Ajax innovation is also about the server!

By | August 1, 2006

I have a pet peeve about suggestions that all these exciting Web 2.0 innovations are solely realized within browser-resident Ajax/JavaScript code. For example, consider occasional inquiries regarding a desire to marry Zimbra’s sexy Ajax enduser and administrative UIs with, say, a more mature back-end messaging server. Obviously, one way to respond to such requests is to continue to prove out the Zimbra server’s fault tolerance, scalability, and performance. But I think such requests are more fundamentally misguided.

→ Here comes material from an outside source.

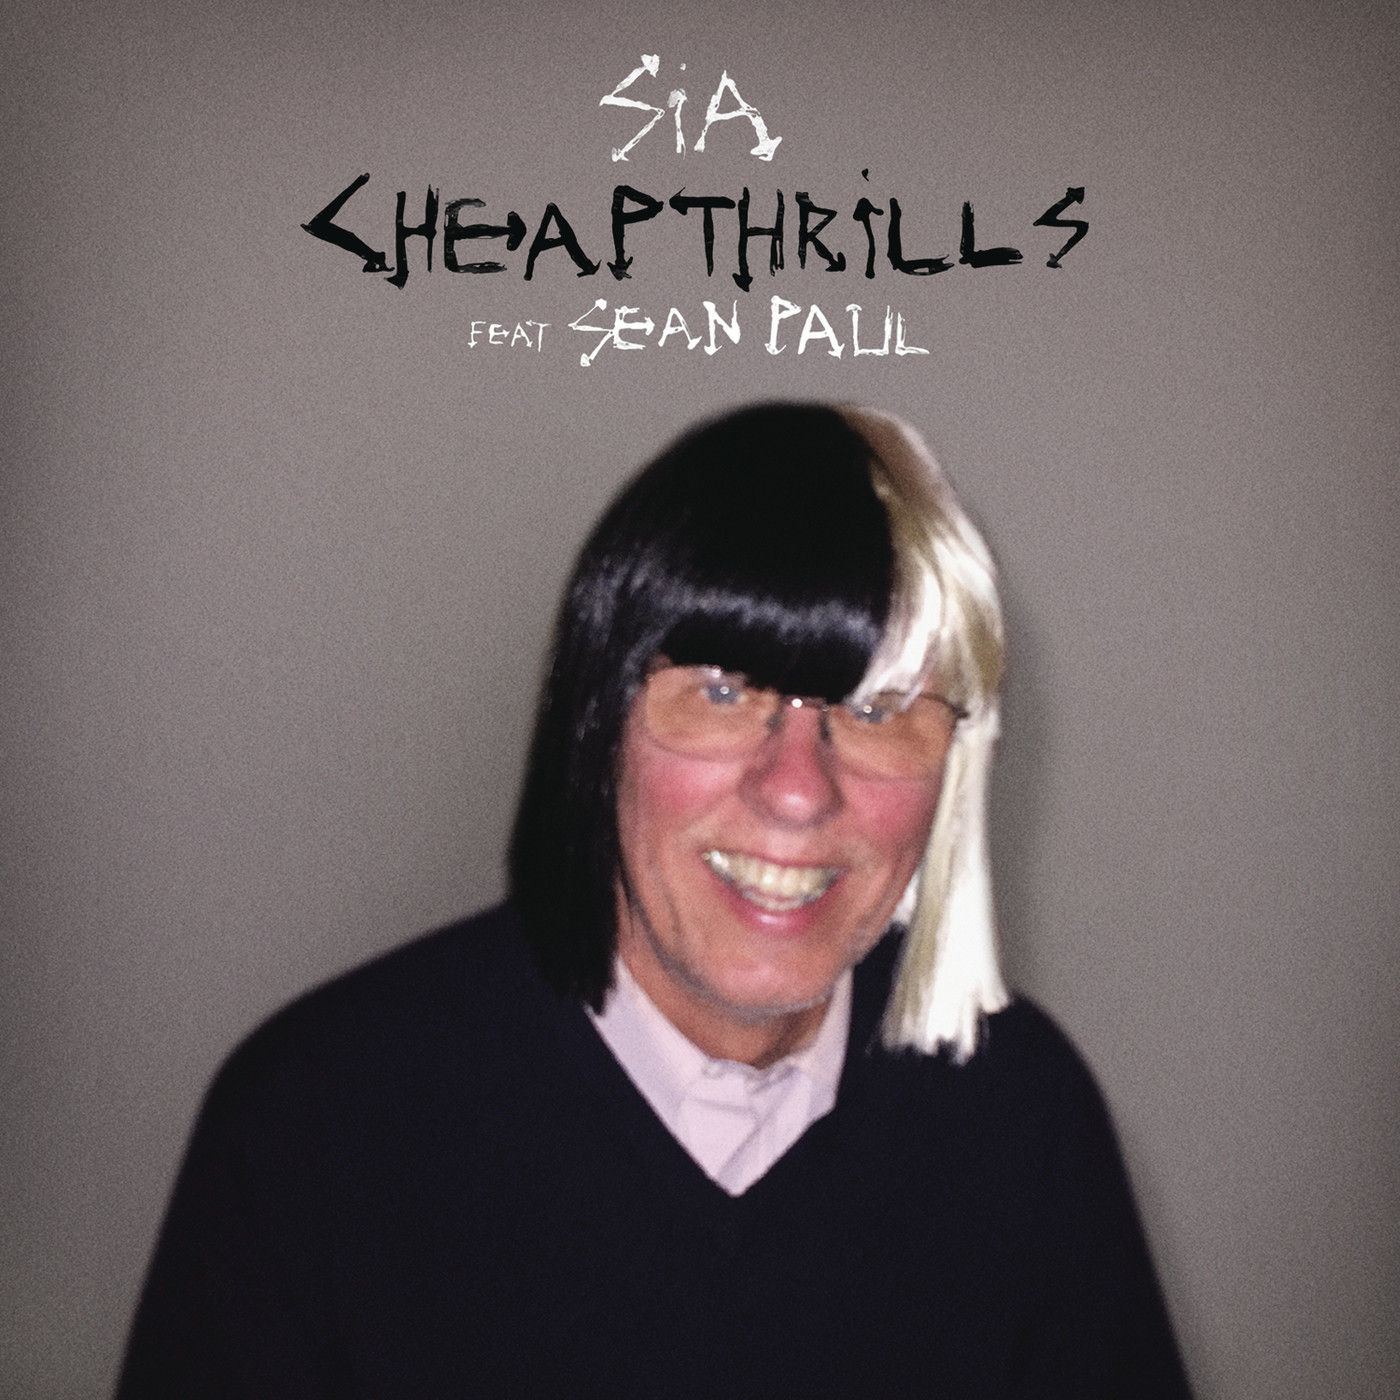 [House] Sia - Cheap Thrills (feat. Sean Paul)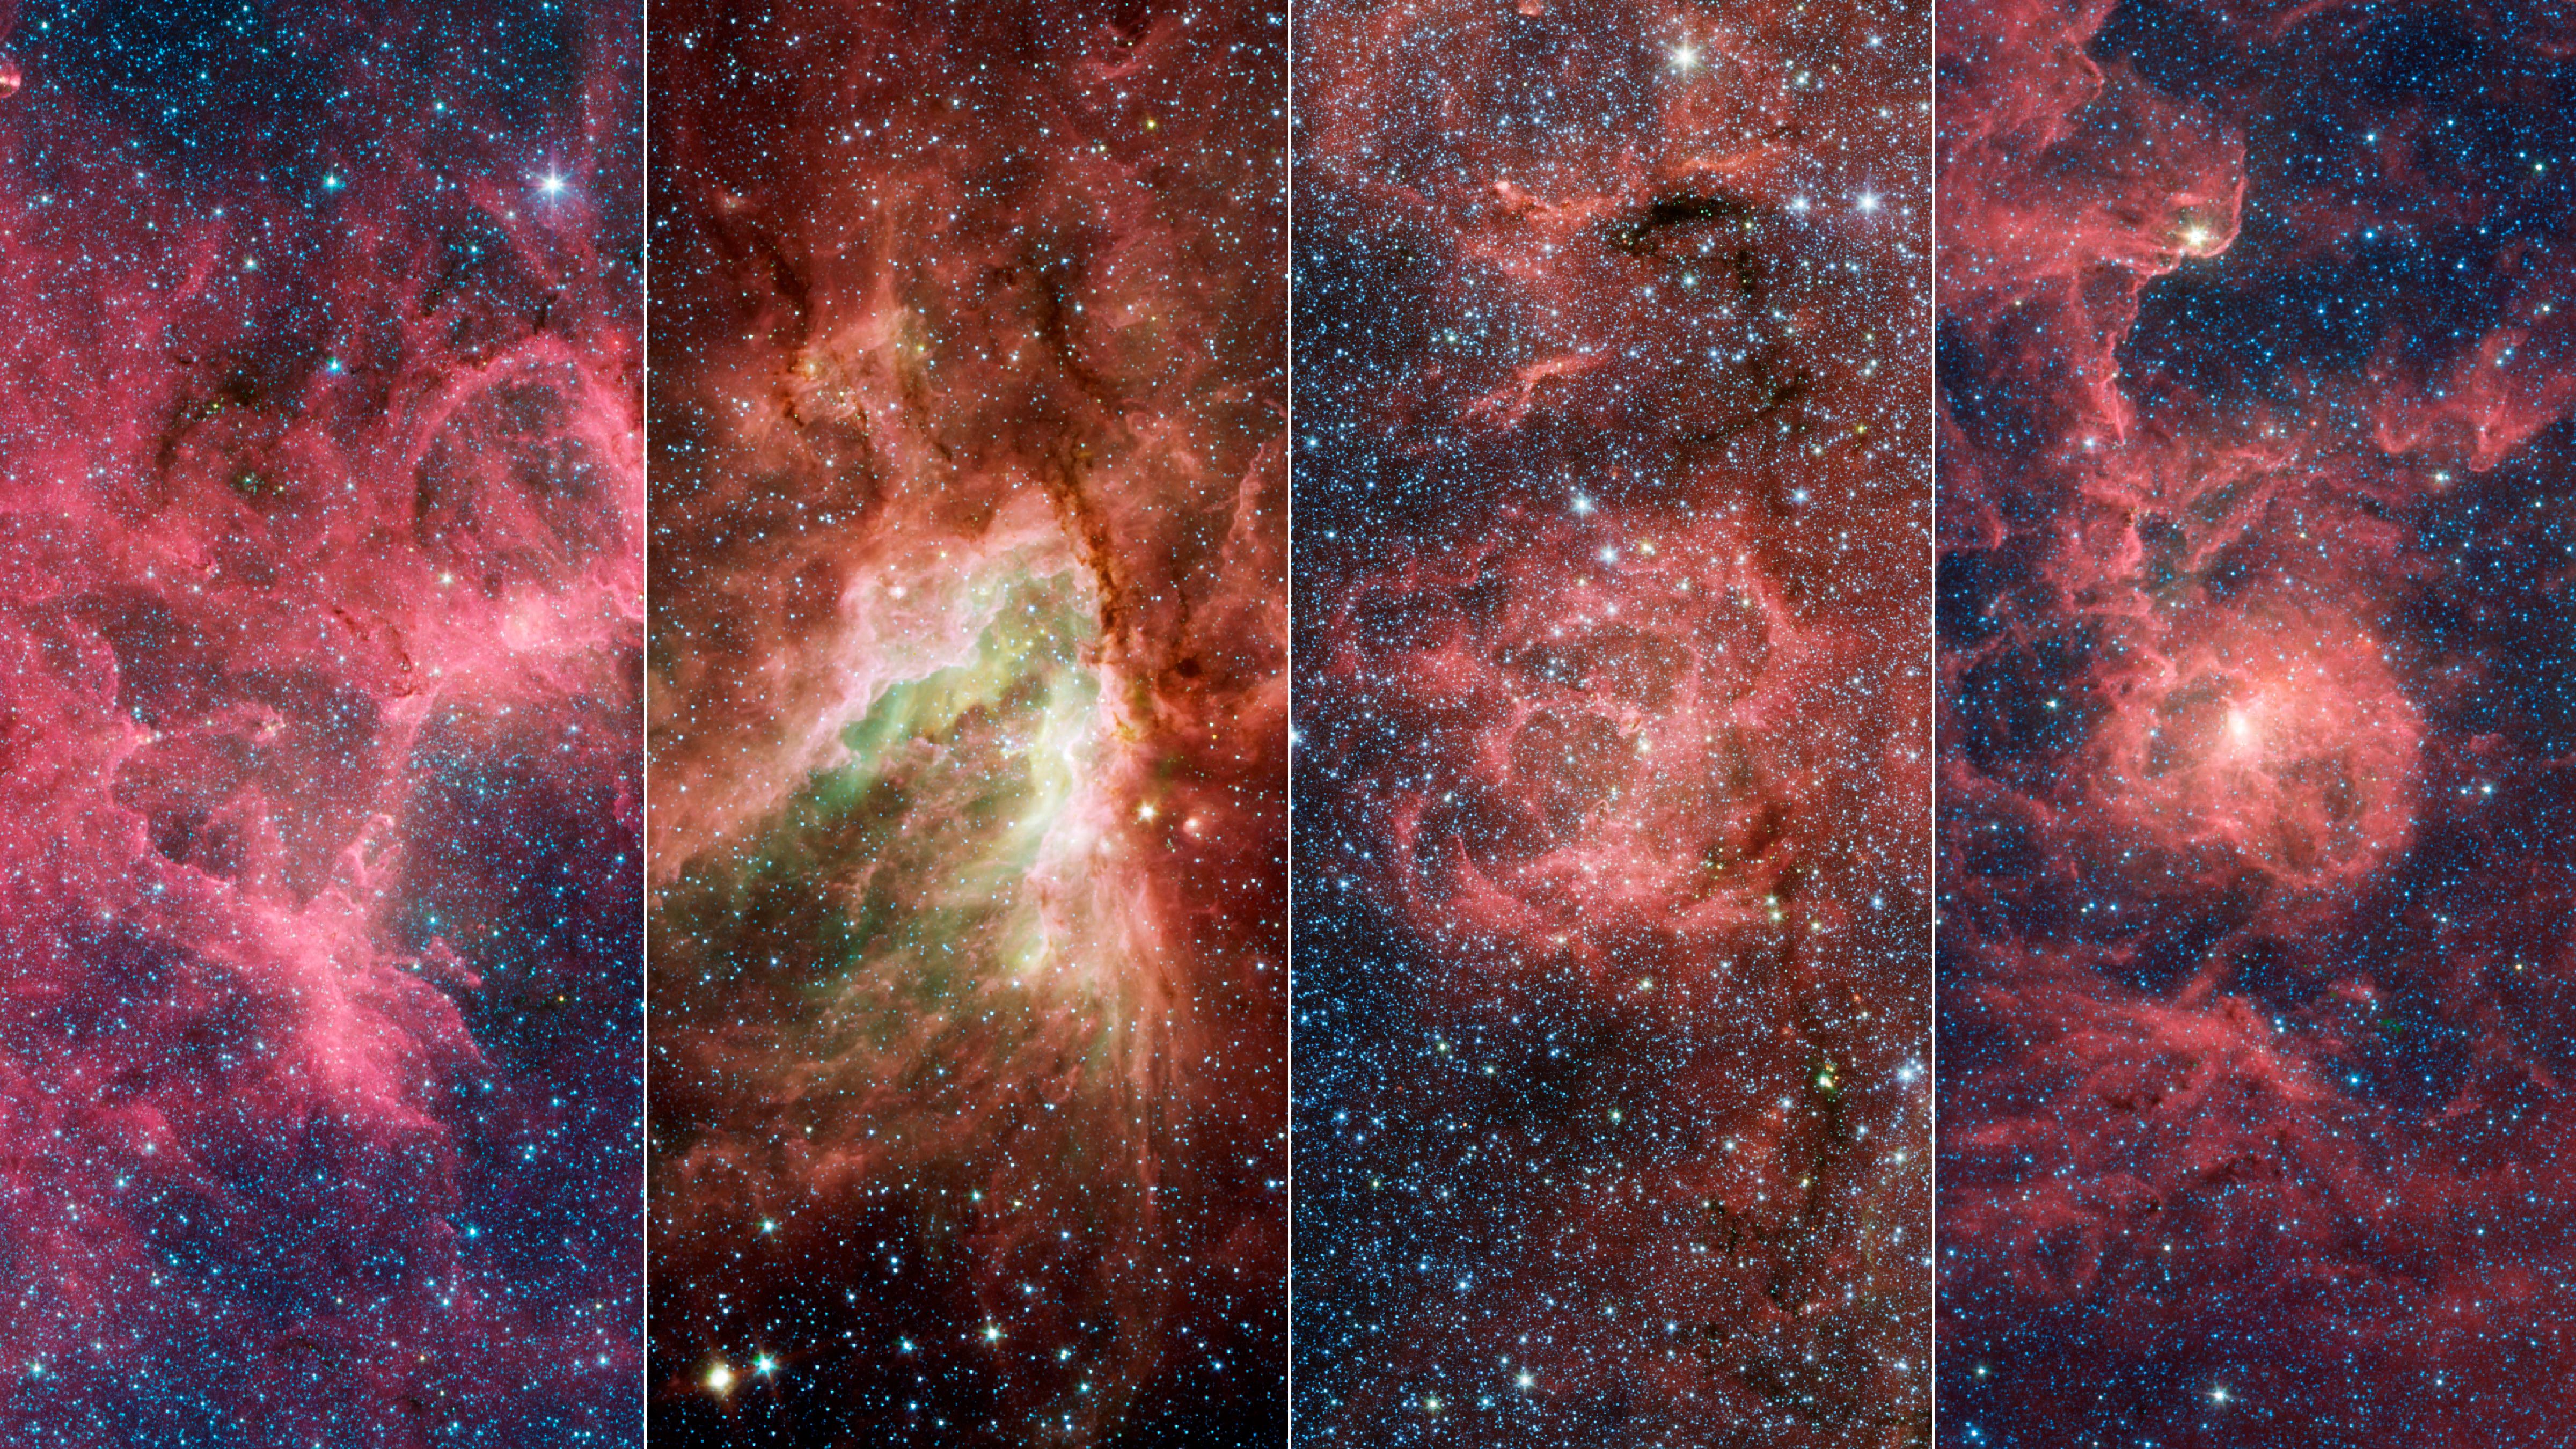 Od lewej do prawej – cztery mgławice: Orzeł (zawiera Filary Stworzenia), Omega, Trójlistna Koniczyna, Laguna. Mgławice są obłokami gazu i pyłu, w których powstają gwiazdy. W latach 50-tych XX wieku astronomowie zgrubnie wyznaczyli odległości do niektórych gwiazd w tych mgławicach i na tej podstawie wywnioskowali, że istnieje Ramię Strzelca. To był jeden z pierwszych dowodów na spiralną strukturę naszej Galaktyki. Natomiast w omawianej tutaj publikacji z 2021 roku, astronomowie pokazali, że te mgławice tworzą podstrukturę w ramieniu spiralnym, która jest nachylona pod innym kątem niż reszta ramienia. Źródło: NASA/JPL-Caltech

I haven’t, for example, heard similar calls for decoupling Flickr’s Ajax client from the Yahoo! data center, or for decoupling Microsoft OWA from Exchange. While those Web 2.0 technologies are not open source, they do showcase the fundamental interdependency, just as within Zimbra, between the Ajax client and the backing server.

Ajax applications, of course, tend not to maintain persistent state, and so any update operation typically has to touch the server (via an XML/SOAP request). Similarly, Ajax applications generally have access to more data than they can effectively cache in browser memory (such as your entire mailbox), so queries are also server bound. But more importantly, every Zimbra Ajax innovation has a server component that works in conjunction with the client code. Some innovations are more client centric: Zimlets, ALE, the administration of multiple domains, etc. However, for many of Zimbra’s “UI” innovations, the majority of the smarts are actually implemented on the server-side!: consider search, search builder, saved search, tagging, sharing, VoIP integration, RSS, conversation management, attachment indexing, attachment conversion, the administrative monitoring of Postfix queues, and so on.

Web 2.0 technology is most compelling precisely when the client and server-side code work seamlessly together, typically via fine-grained interactions (over open protocols). Decoupling client from server, then, is unlikely to preserve that experience, unless all of those server smarts are reproduced. In the cases where the Zimbra client has been experimentally used with other servers (which, of course, our open source licensing provides for), it has generally been at the cost of all of the aforementioned innovations!

So while the Web 2.0 excitement will no doubt remain focused on the wizzy new functionality that can now be delivered to the end-user with Ajax, keep in mind that somewhere behind the scenes there are some savvy server programmers that are also making it happen, and if you want new innovative Web 2.0 UI, then you need new innovative Web 2.0 servers too.